Docetaxel Combination Shows Significant Survival Advantage as First-Line Treatment for Advanced Lung Cancer

According to phase III trial data presented at the recent meeting of the American Society of Clinical Oncology (ASCO), a regimen of docetaxel(Drug information on docetaxel) (Taxotere) with cisplatin(Drug information on cisplatin) (Platinol) yields a significantly better overall survival rate (P = .0469) than the combination of vinorelbine (Navelbine) and cisplatin in patients with advanced non-small-cell lung cancer who have not received prior chemotherapy.

Significantly Higher Response Rates

The three-arm study, presented by Chandra P. Belani, MD, professor of medicine, University of Pittsburgh School of Medicine and codirector of the Lung Cancer Program at the University of Pittsburgh Cancer Institute, showed that patients who were treated with docetaxel and cisplatin survived significantly longer than those who received the combination of vinorelbine and cisplatin—a standard regimen for advanced non-small-cell lung cancer. The median survival for the docetaxel/cisplatin cohort was 10.9 months vs 10 months for the vinorelbine/cisplatin cohort. The 1- and 2-year survival rates were 46% and 20% vs 42% and 14%, respectively.

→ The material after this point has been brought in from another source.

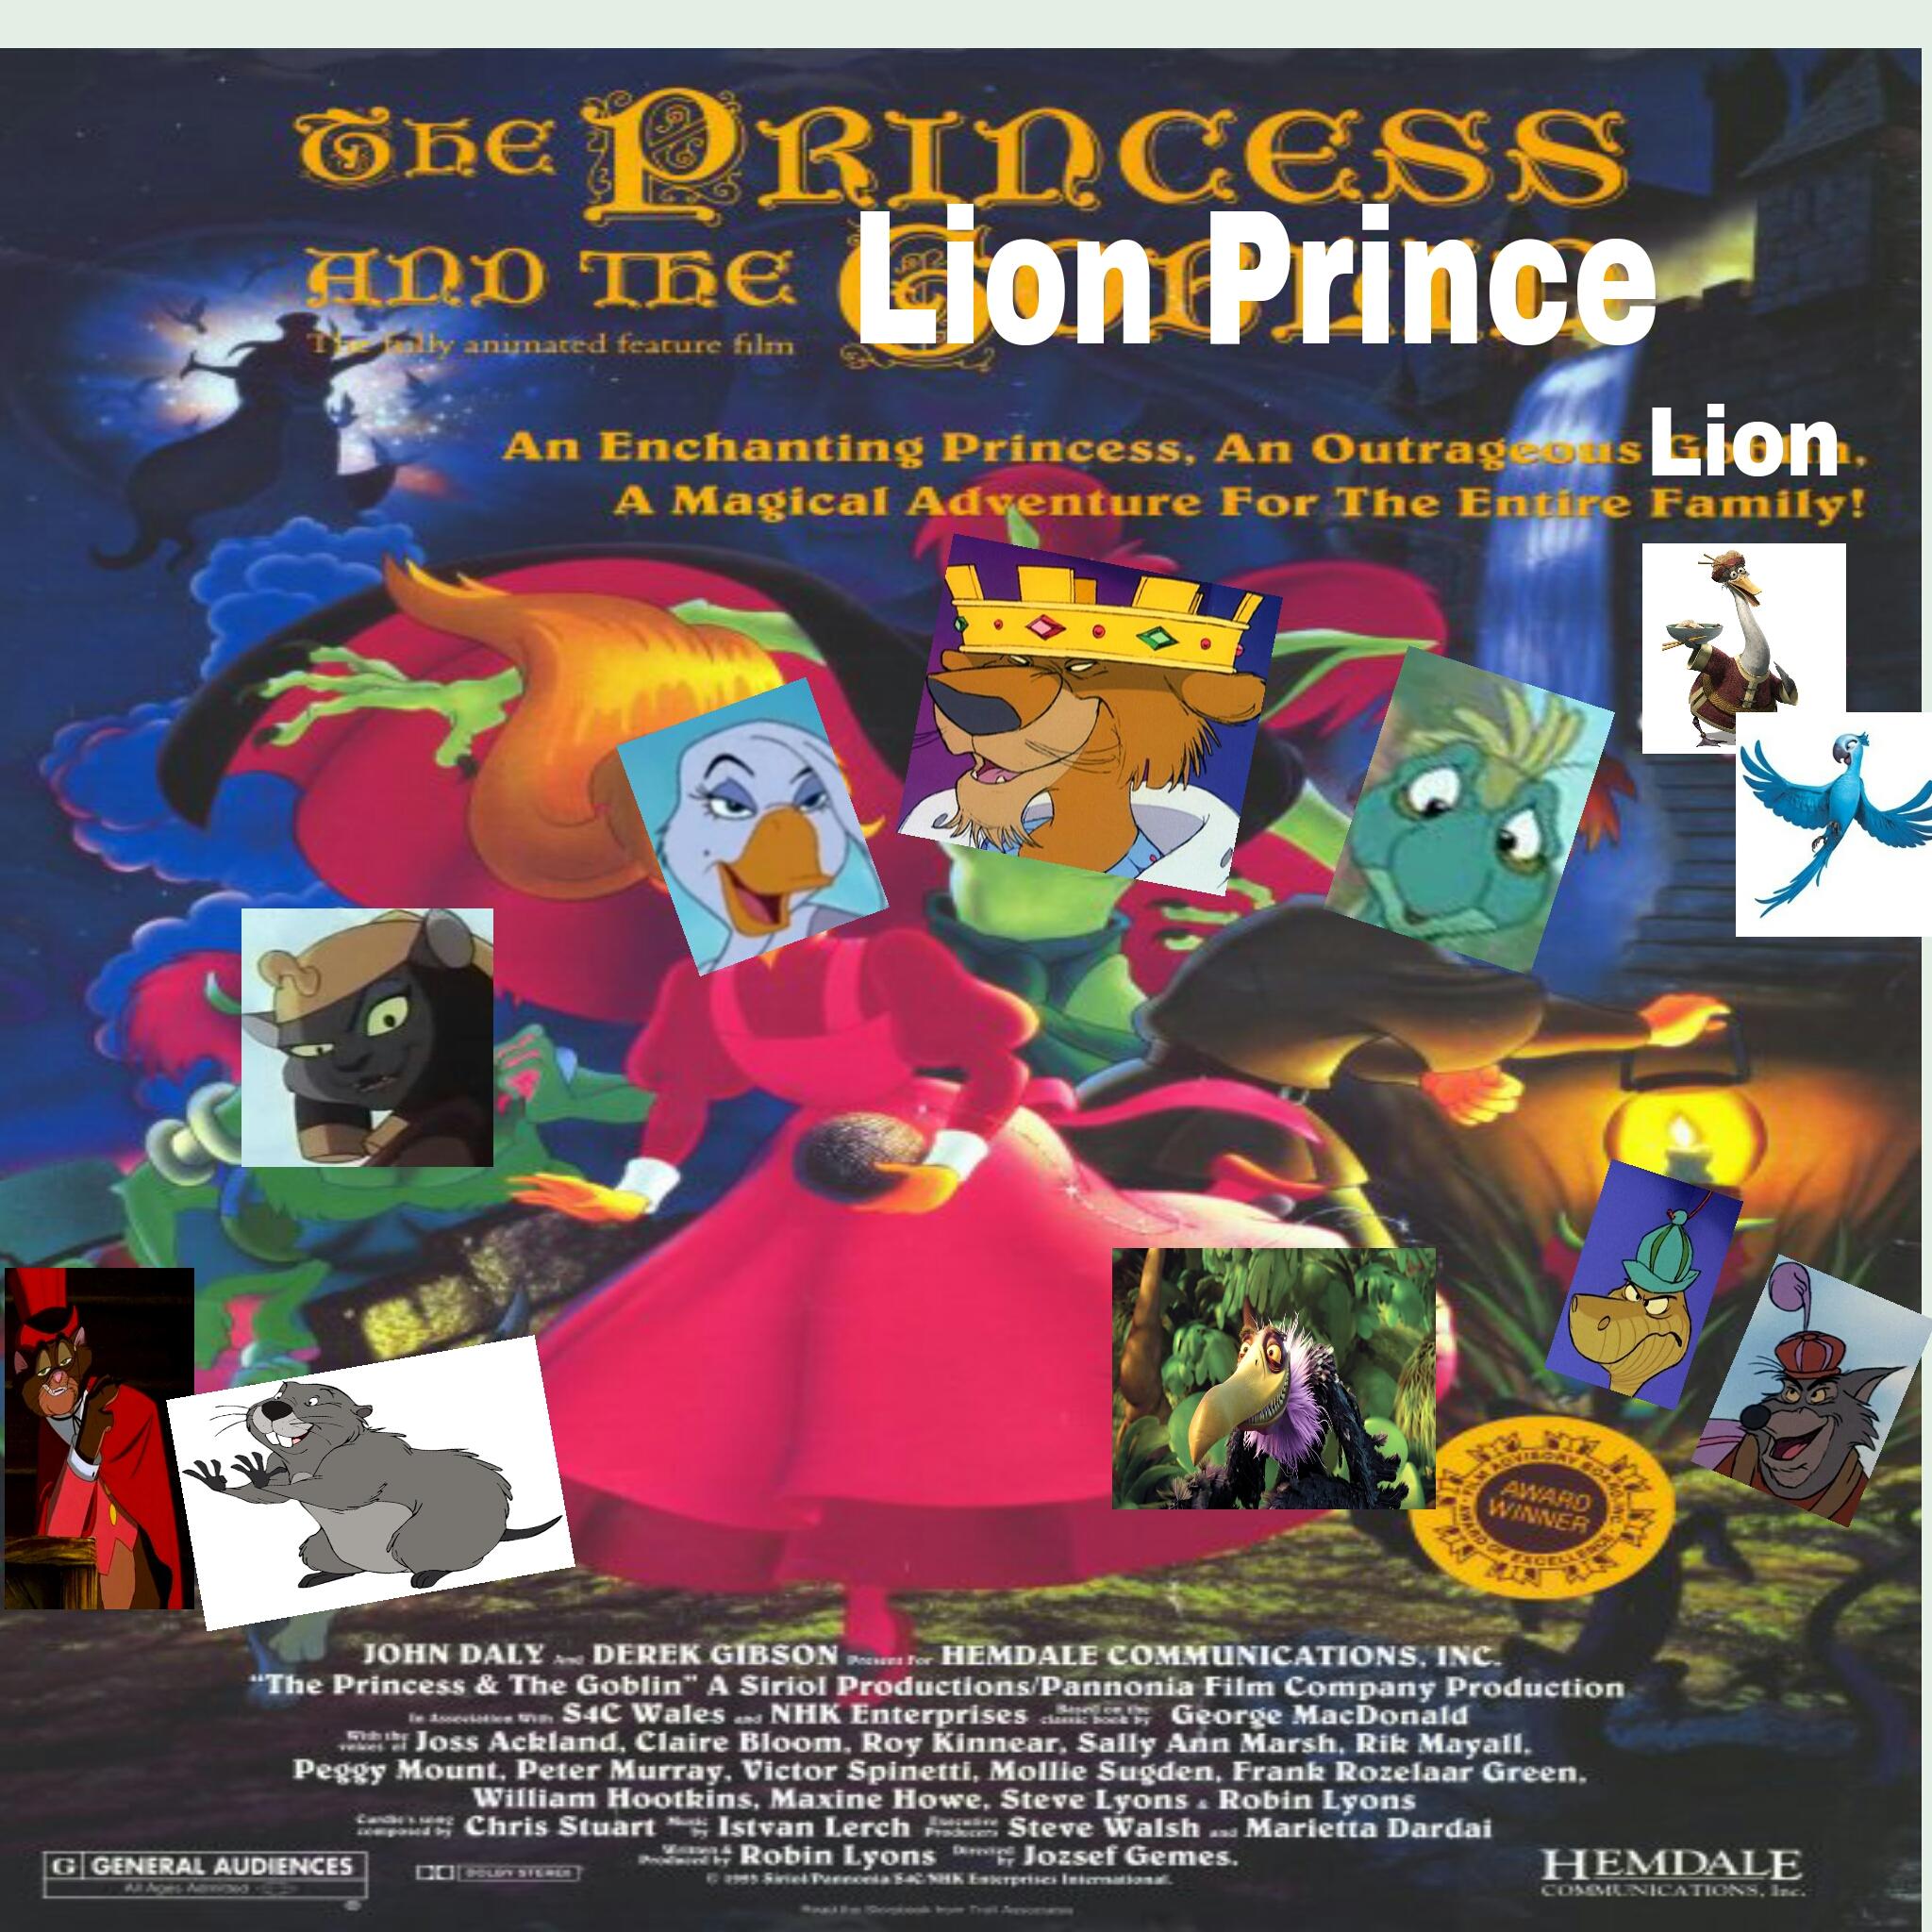 The Princess and the Lion Prince

"While platinum-based chemotherapy is often viewed as a first-line therapy for patients with advanced non-small-cell lung cancer, there is no established treatment standard for this population," said Dr. Belani. "The improved survival associated with the docetaxel/cisplatin combination means that a superior treatment may be available for this vast group of patients who are not candidates for surgical resection."

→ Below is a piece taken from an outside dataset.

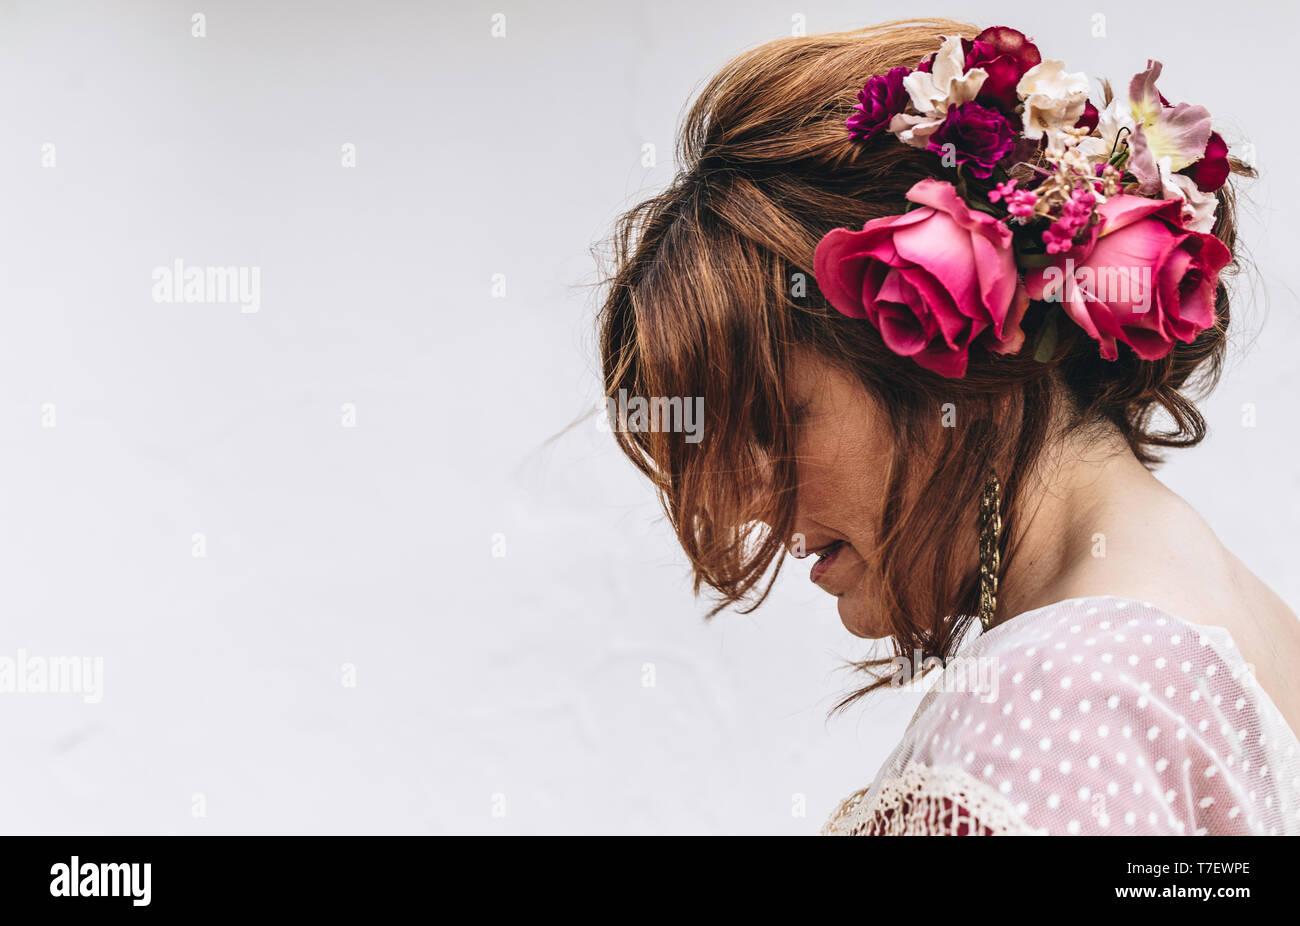 Beauty Shot Eines Flamenco Tanzerin Mit Schonen Frisur Und Blumen Im

The overall survival for patients treated with docetaxel and carboplatin(Drug information on carboplatin) was similar to that of patients treated with vinorelbine and cisplatin. Median survival was 9.1 months for the docetaxel/carboplatin regimen. The 1- and 2-year survival rates were also similar in these two arms (37% and 16%, respectively, for the docetaxel/carboplatin group).

Study Population and Protocol

The trial, which was conducted at 135 sites in 28 countries, included more than 1,200 men and women 18 years of age or older with pathologically confirmed, unresectable locally advanced and/or recurrent or metastatic non-small-cell lung cancer and a Karnofsky performance status of at least 70%. Recurrent disease was defined as evidence of tumor progression after surgical or radiation treatment. Patients who received prior treatment with a biological response modifier or chemotherapy agent were ineligible.

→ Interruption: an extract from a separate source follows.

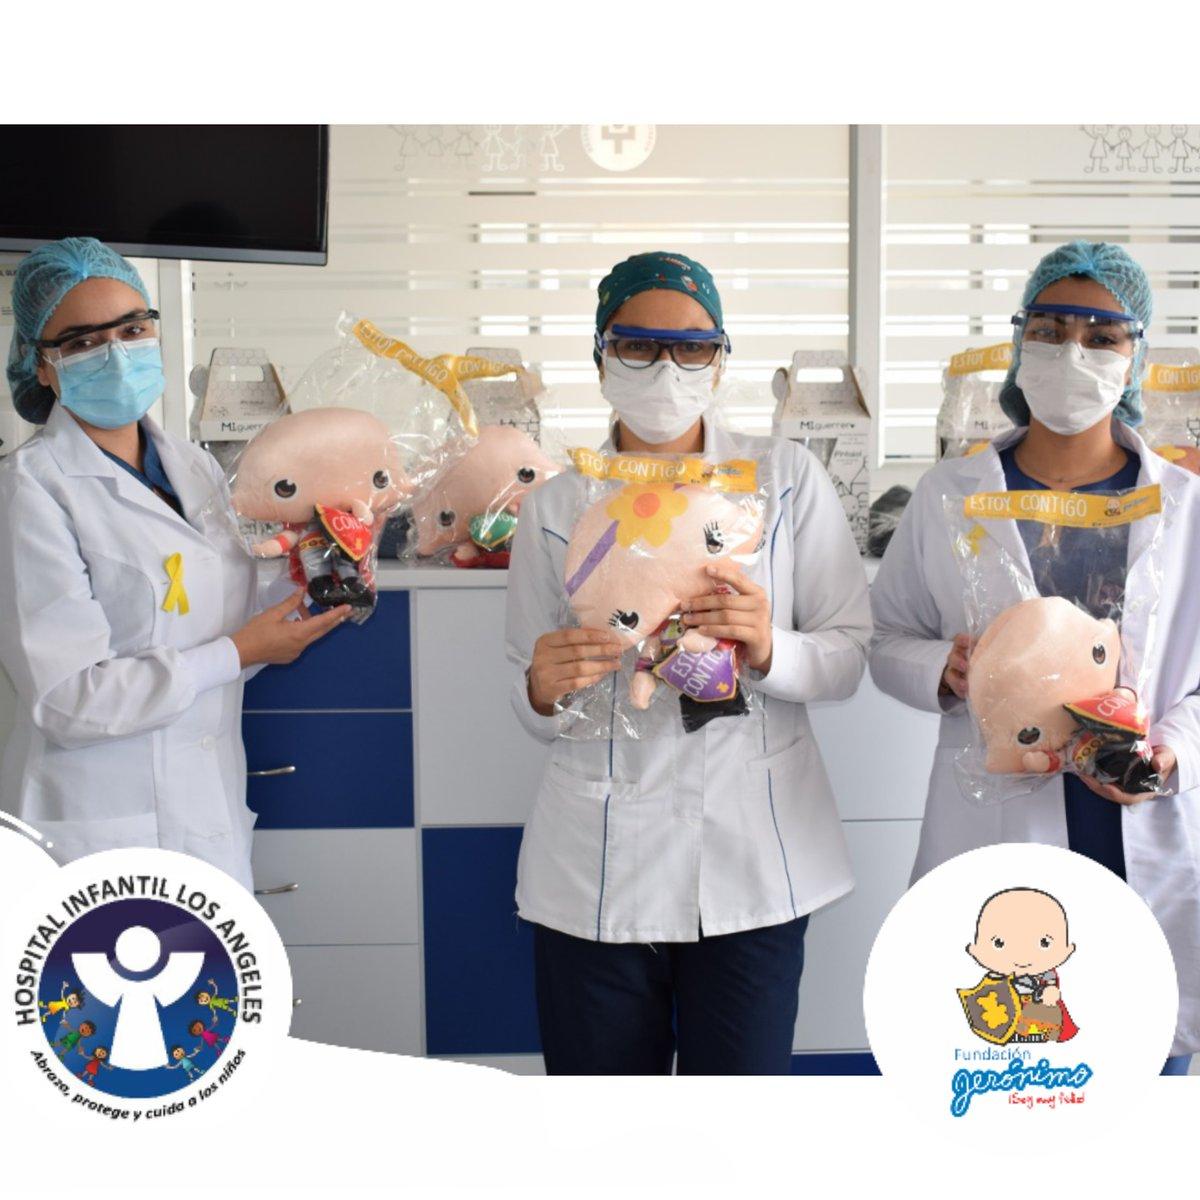 Nuestra #Rutafeliz desde el Hospital Infantil los Ángeles en la ciudad de Pasto. Elequipo de oncología pediátrica nos comparte un poco de la alegría entregada la semana pasada en la conmemoración del #diainternacionaldelcancerinfantil 🎗️

The median age of the study population was 60 years, and most patients were men. Approximately 67% had stage IV disease, and disease had spread to at least three other organs in about one-third of patients.

Patients were randomized to one of three treatment groups. The first group received docetaxel at 75 mg/m² plus cisplatin at 75 mg/m², with the cycle repeated every 21 days. The second group received the combination of docetaxel at 75 mg/m², and carboplatin at an area under the concentration-time curve (AUC) of 6, with treatment repeated every 21 days. The third group received a combination of vinorelbine at 25 mg/m²/wk and cisplatin at 100 mg/m², with treatment repeated every 28 days. Patients were treated until there was evidence of progressive disease or unacceptable adverse events, or until six cycles had been completed. Treatment response was assessed after every two cycles.

All treatment arms were generally well tolerated. Less than 5% of patients experienced severe sensory neuropathy in both docetaxel treatment arms. Treatment-related infection, febrile neutropenia, and number of deaths were also similar between the groups. More patients in the vinorelbine/cisplatin group experienced severe nausea/vomiting and anemia; however, diarrhea was more common in patients treated with docetaxel/cisplatin.